The proposed model has various aspects that prove that it provides the best results compared to the other techniques. The main points are mentioned below:

• The proposed model determined that CT scans were better for analyzing COVID-19, which to our knowledge, has not been proven by the techniques found in the literature review. This may be because the CT scans give more resolution to the images.
• As other techniques did, the proposed model identified two classes to classify between normal and COVID-19. This study identified another type from the same open-source data as pneumonia. Our model performed binary as well as multiclass classification.
• CNN and Darknet deep learning algorithms were used to detect COVID-19 as they are popularly used to detect and segment images. Darknet was used for object detection from images and is based on the YOLO (You Only Look Once) concept, a real-time object detection system.
• CNN outperformed when compared with the Darknet algorithm shown in Table 4. It uses a more precise architecture, and the features calculated obtain more accurate values. On the other hand, the Darknet algorithm can be used for real-time data, and is the best approach to target the current COVID-19 situation.

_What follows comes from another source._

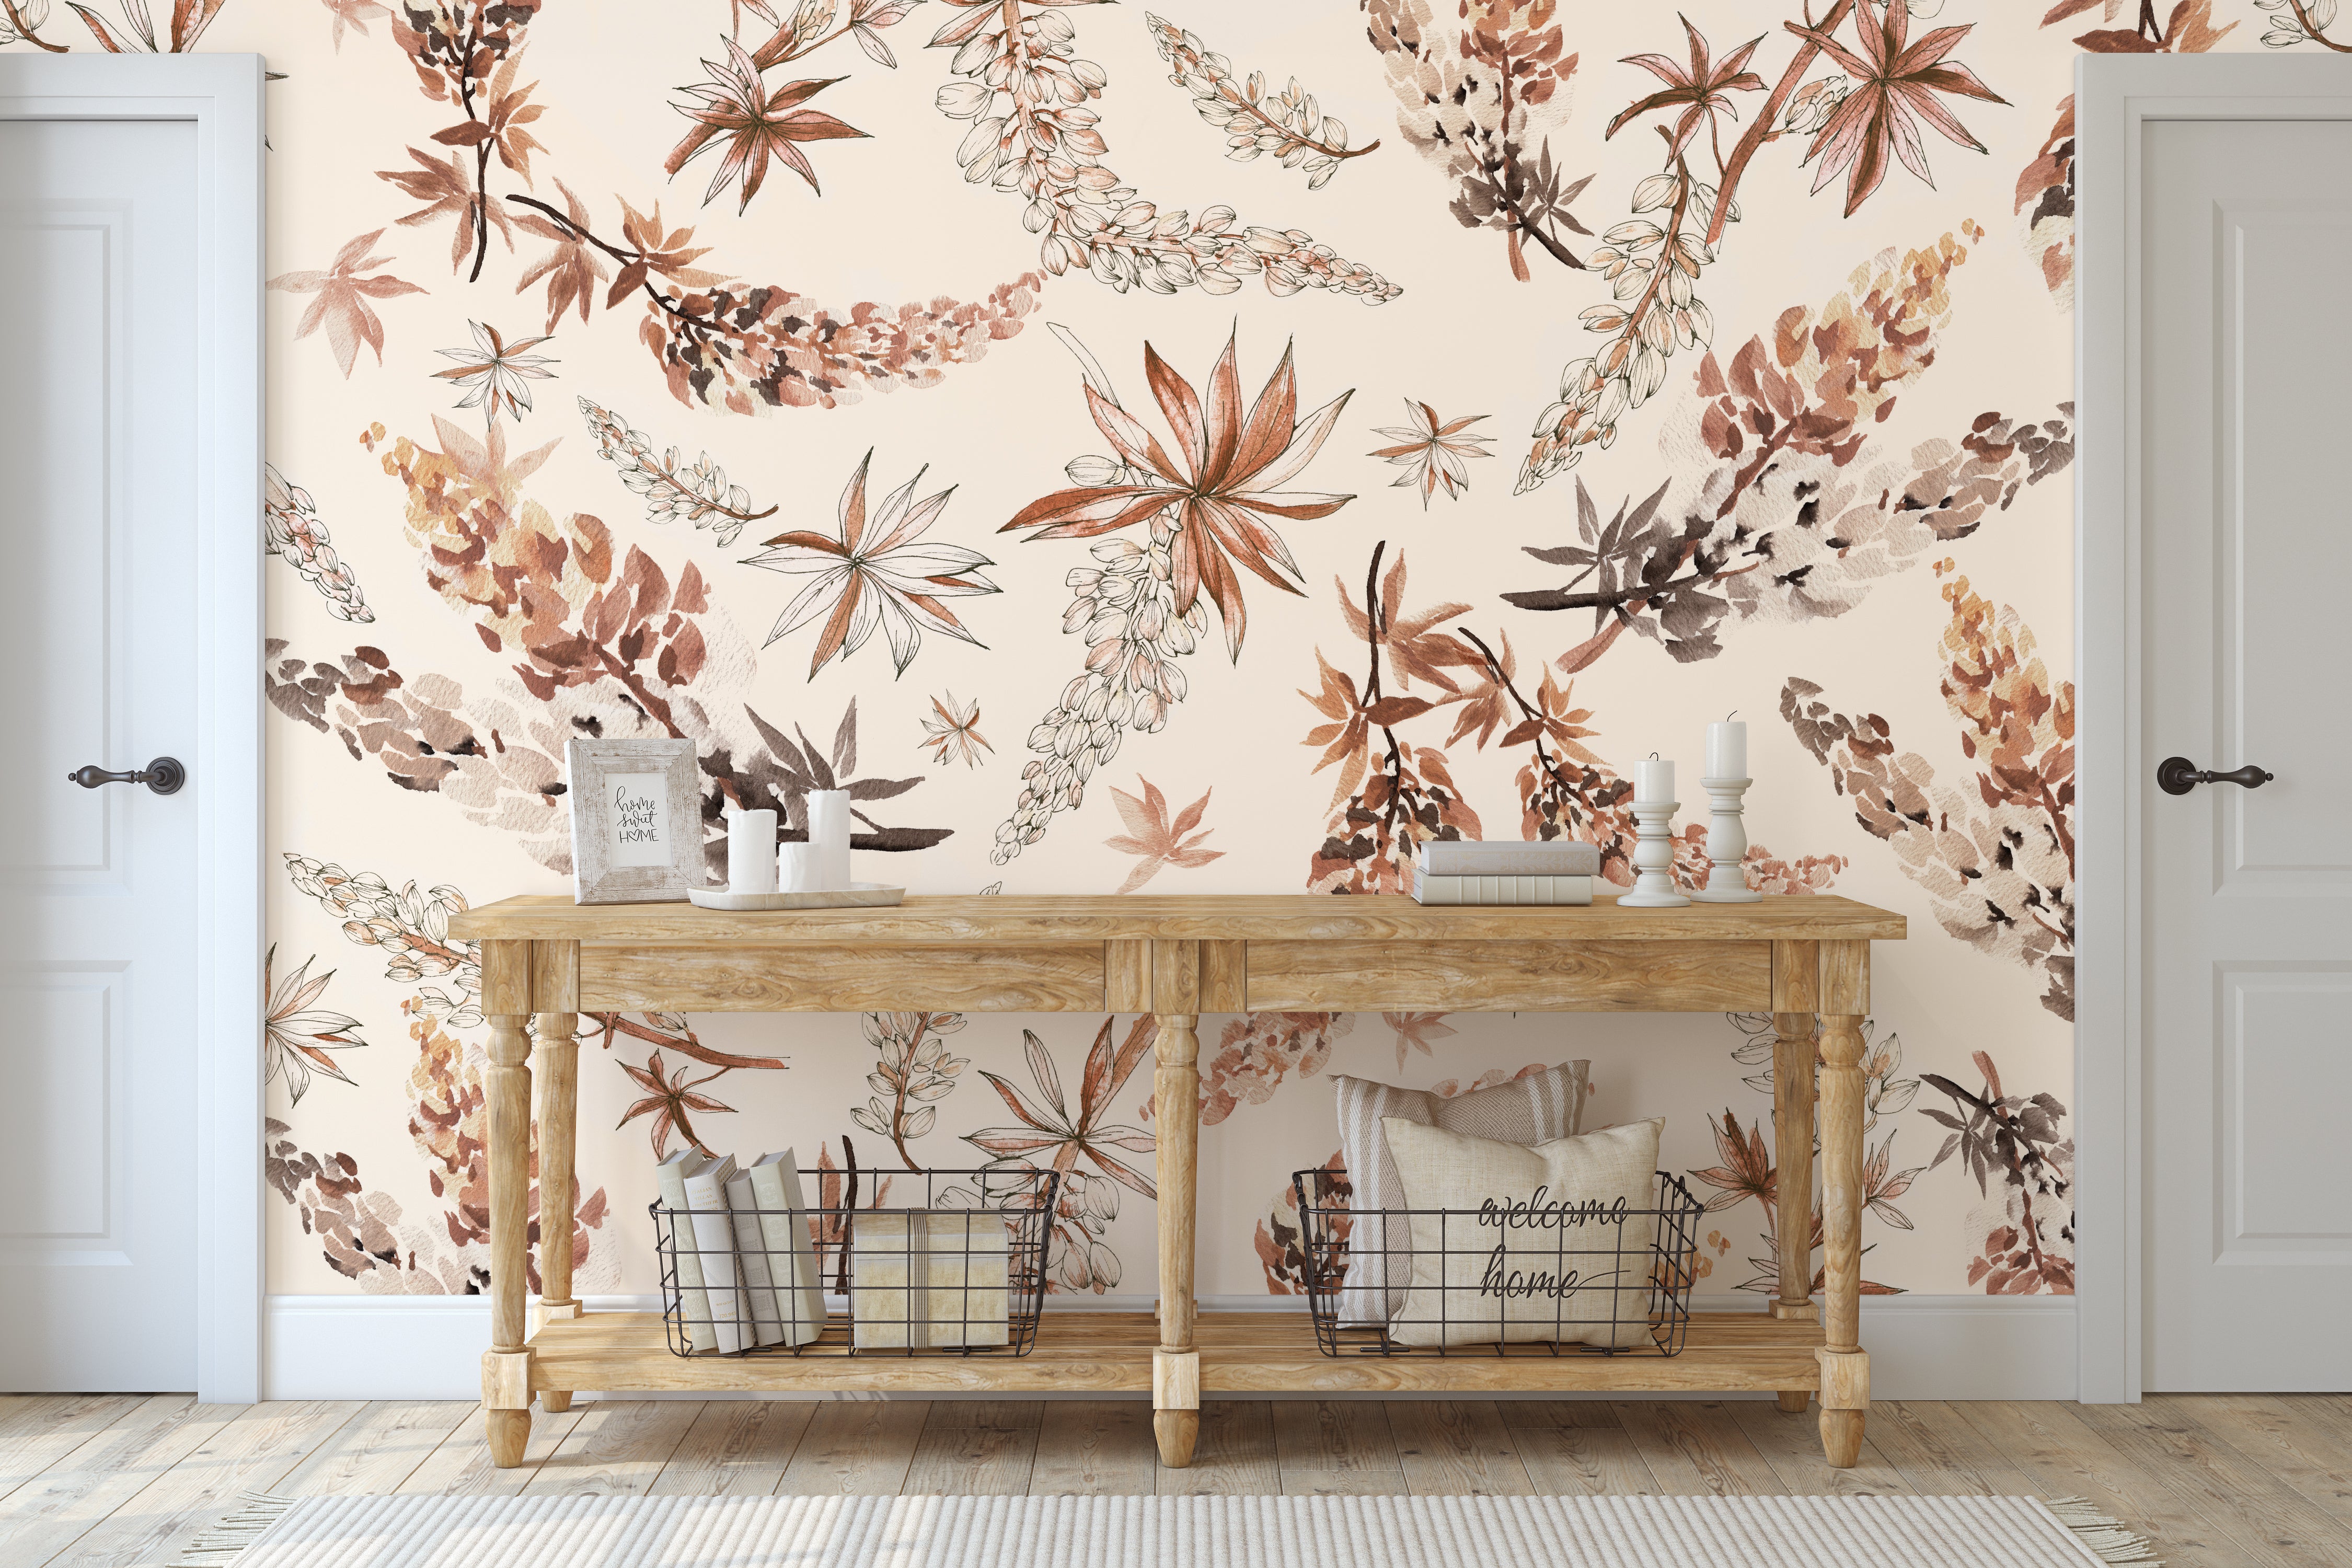 Piper’s Meadow Wallpaper - The Ania Zwara Line from WALL BLUSH

• During the training phase, the maximum data used to train the model using both algorithms provided good results. Furthermore, maximum epochs were used in the CNN algorithm to obtain the optimum accuracy value from the training data.

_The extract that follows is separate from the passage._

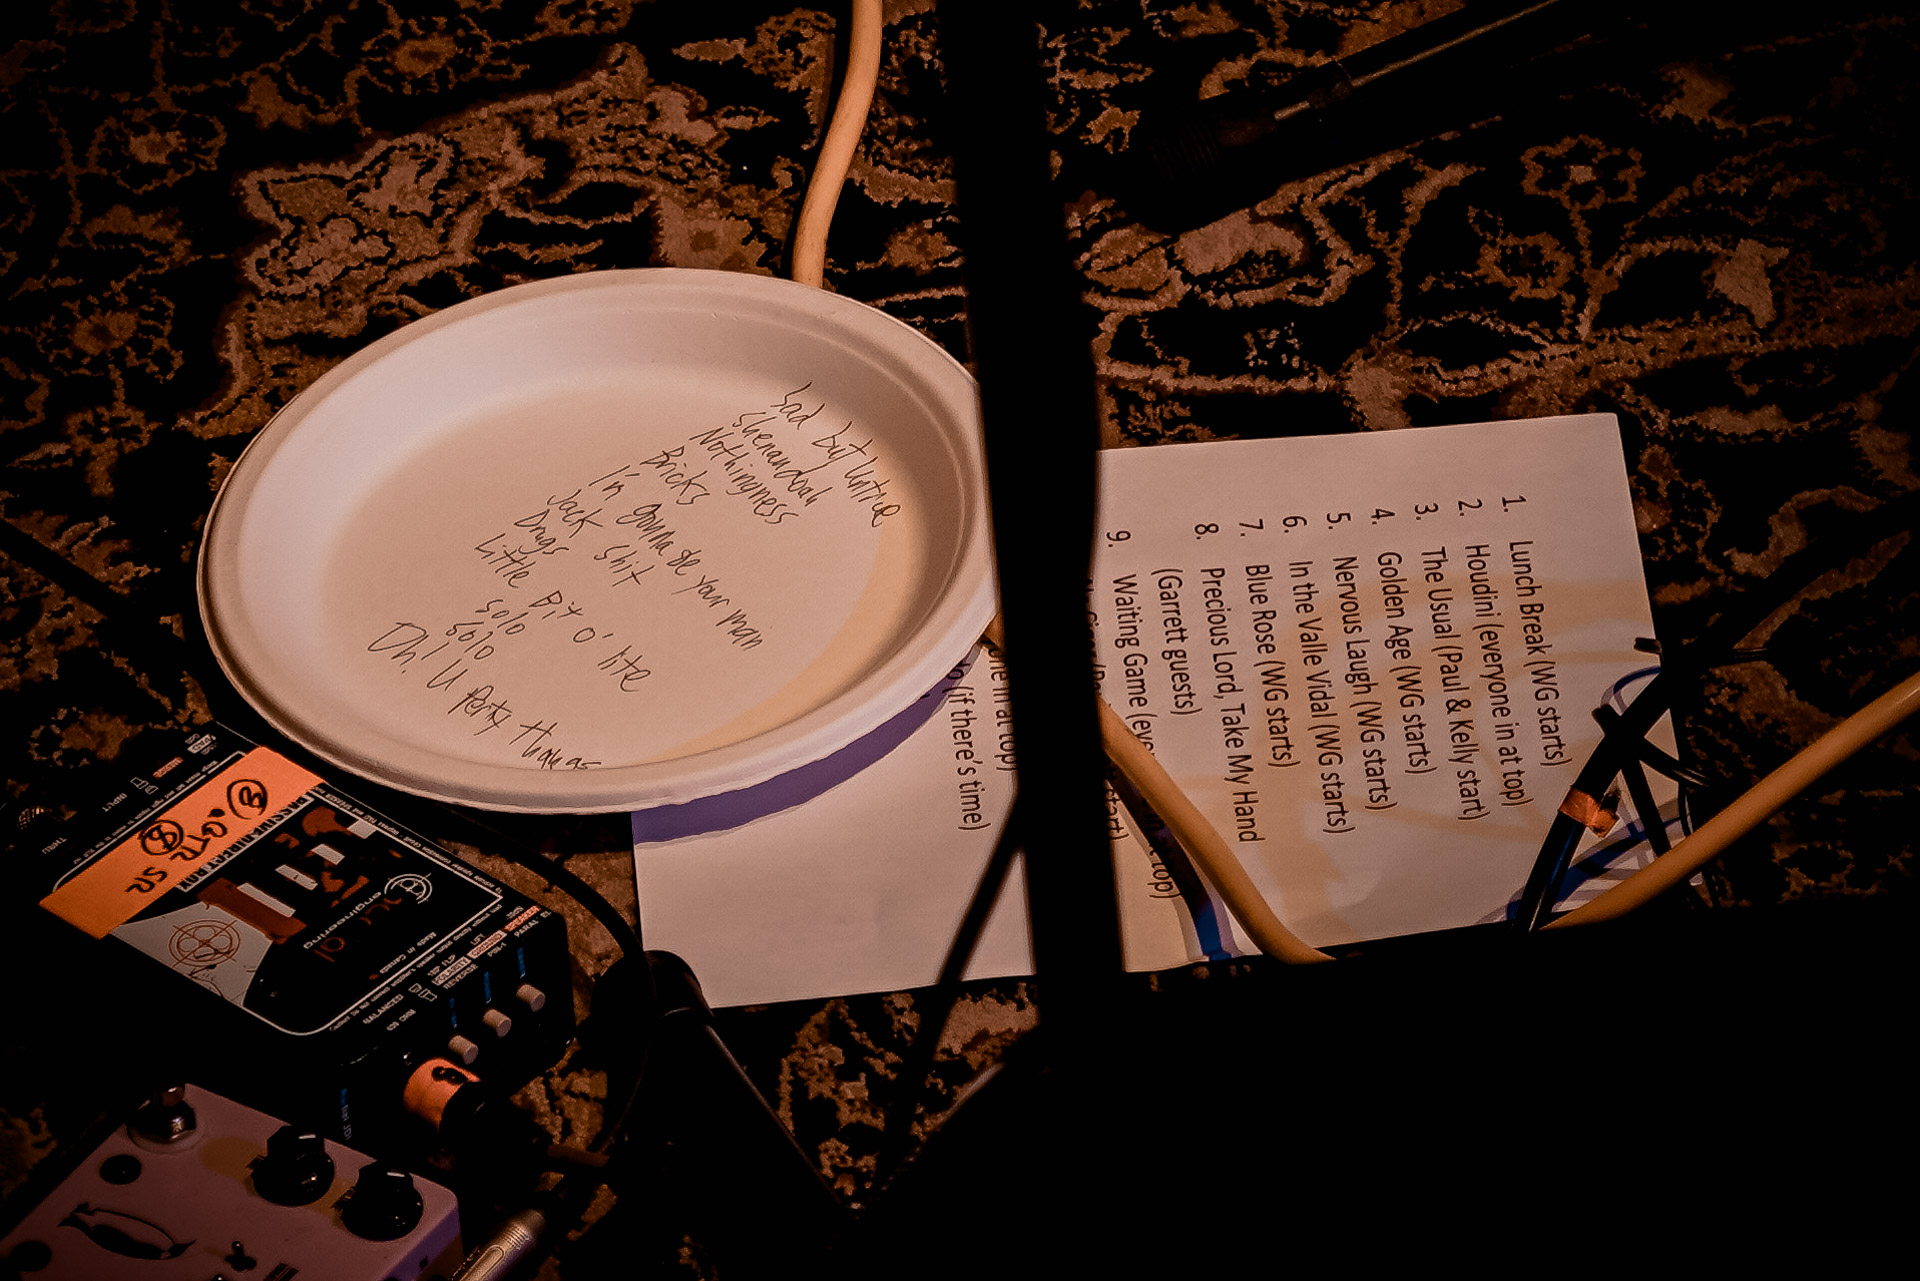 Set lists on stage, one written on a paper plate, one typed on a piece of paper

• Due to the presence of a large amount of data, blockchain decentralizes the data, which achieves data transparency for all users of the models. It also promotes the concept of DataOps in a collaborative and intelligent process among all system users. These points are not discussed in the previous work, which illustrates this work’s originality.

5. Conclusions and Future Work

This research proposed a smart, collaborative health care system to detect and analyze COVID-19 as a case study. Compared with state-of-the-art approaches, the proposed model employed big data and AI techniques to outperform the binary and multi-class classification. COVID-19 was accurately diagnosed using CNN and Darknet deep learning algorithms with excellent accuracy values, which showed the model’s performance. An open-source dataset was used to evaluate the model’s accuracy. We identified that the CT scan images were more efficient than other modalities and that the results showed 98% accuracy. This model can be used for clinical use after experimenting with more images, and it will replace other tools used for COVID-19 diagnosis. In future work, more can be done to source a larger dataset, apply various prediction algorithms, and train the model using more updated parameters. Furthermore, the Internet of Things and blockchain will be integrated as a concrete architecture to fulfil the complete requirements of the system.